Copies of Ambassador Jawad’s book, “First Flamenco in Samangan,” are available in English, Pashto and Farsi.

While in Germany, Jawad studied law, then migrated to New York City, where he worked in a law firm. In 1989, he went west to San Francisco, received an MBA from Golden Gate University and worked in business, before returning home to Afghanistan to serve as press secretary, and subsequently, chief of staff to the country’s first democratically elected president, Hamid Karzai.

In 2003, he arrived in Washington as Karzai’s newly appointed ambassador to the United States. Through it all, by writing both poetry and political pieces, he sustained a foothold in Afghanistan’s national debate. 

While the ambassador’s path, in some ways, is similar to other Afghan diaspora, his own story veers sharply into an academic direction, influenced by his late father, Professor Mir Hussain Shah, to whom he dedicates this book. Jawad quietly and deeply revered Shah, a dean at the Faculty of Letters and Literature at Kabul University, and well-known scholar of Afghan literature, who shaped so much of his thinking, before his death in May at 95.

An intuitive communicator and talented linguist, Jawad transports readers to parts of Afghanistan, like the ancient town of Samangan, that have been closed off to foreigners and backpackers for years, cleverly weaving in their cultural charm.

Jawad describes how he would take books to be bound at a small wooden shop, in part so he could listen for hours to the owner, the famous mystic poet, Sufi Ashqari. The ambassador successfully ties these personal stories with a retrospective look at Flamenco dance, which he discovered as a teenager at the French Lycée where the beautiful teachers smoked cigarettes from iconic boxes covered in Maurice Giot’s art deco gypsy dancer, called “Gitane.” 

But this story is not all about the ambassador’s formative years. After a look around cosmopolitan Kabul, Jawad shifts gears to a deep, comparative review of work from the ill-fated Spanish poet Federico García Lorca before going on to share his own original poetry. 
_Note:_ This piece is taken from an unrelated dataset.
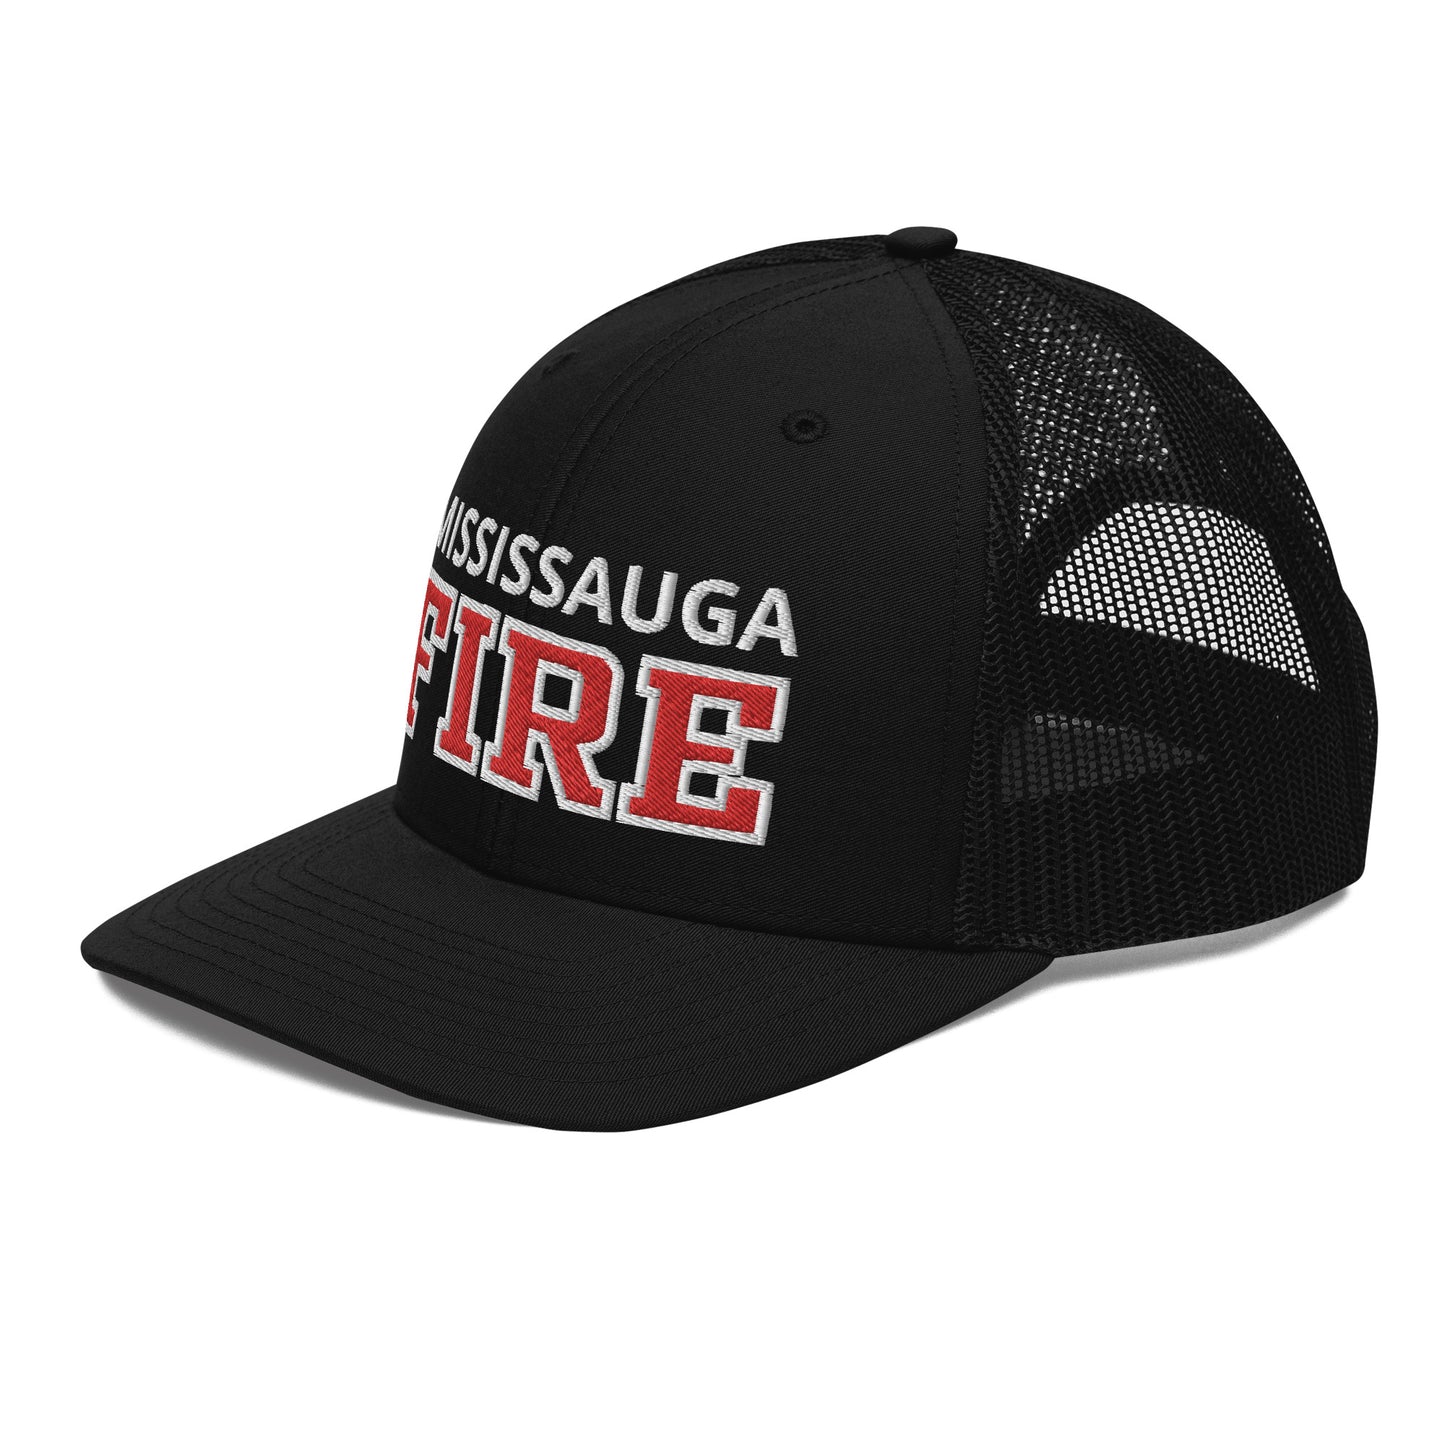 Custom Canadian Fire Department Mesh/ Trucker Hat

His book is a bold compilation on a variety of subjects, from bullfighting to poetry, which would seem like peculiar pairings if it were not for the worldliness of the author himself. But Jawad captures the personification of a culturally rich Afghanistan just at the moment when the world stands by to see if the country can negotiate its own peace. 

In the meantime, the ambassador offers the best of what the world needs right now: patience, reflection and a deep reverence for simple beauty.

International affairs specialist Adrienne Ross was the communications and congressional advisor to Ambassador Said Tayeb Jawad at the Embassy of Afghanistan in Washington from 2009 to 2010.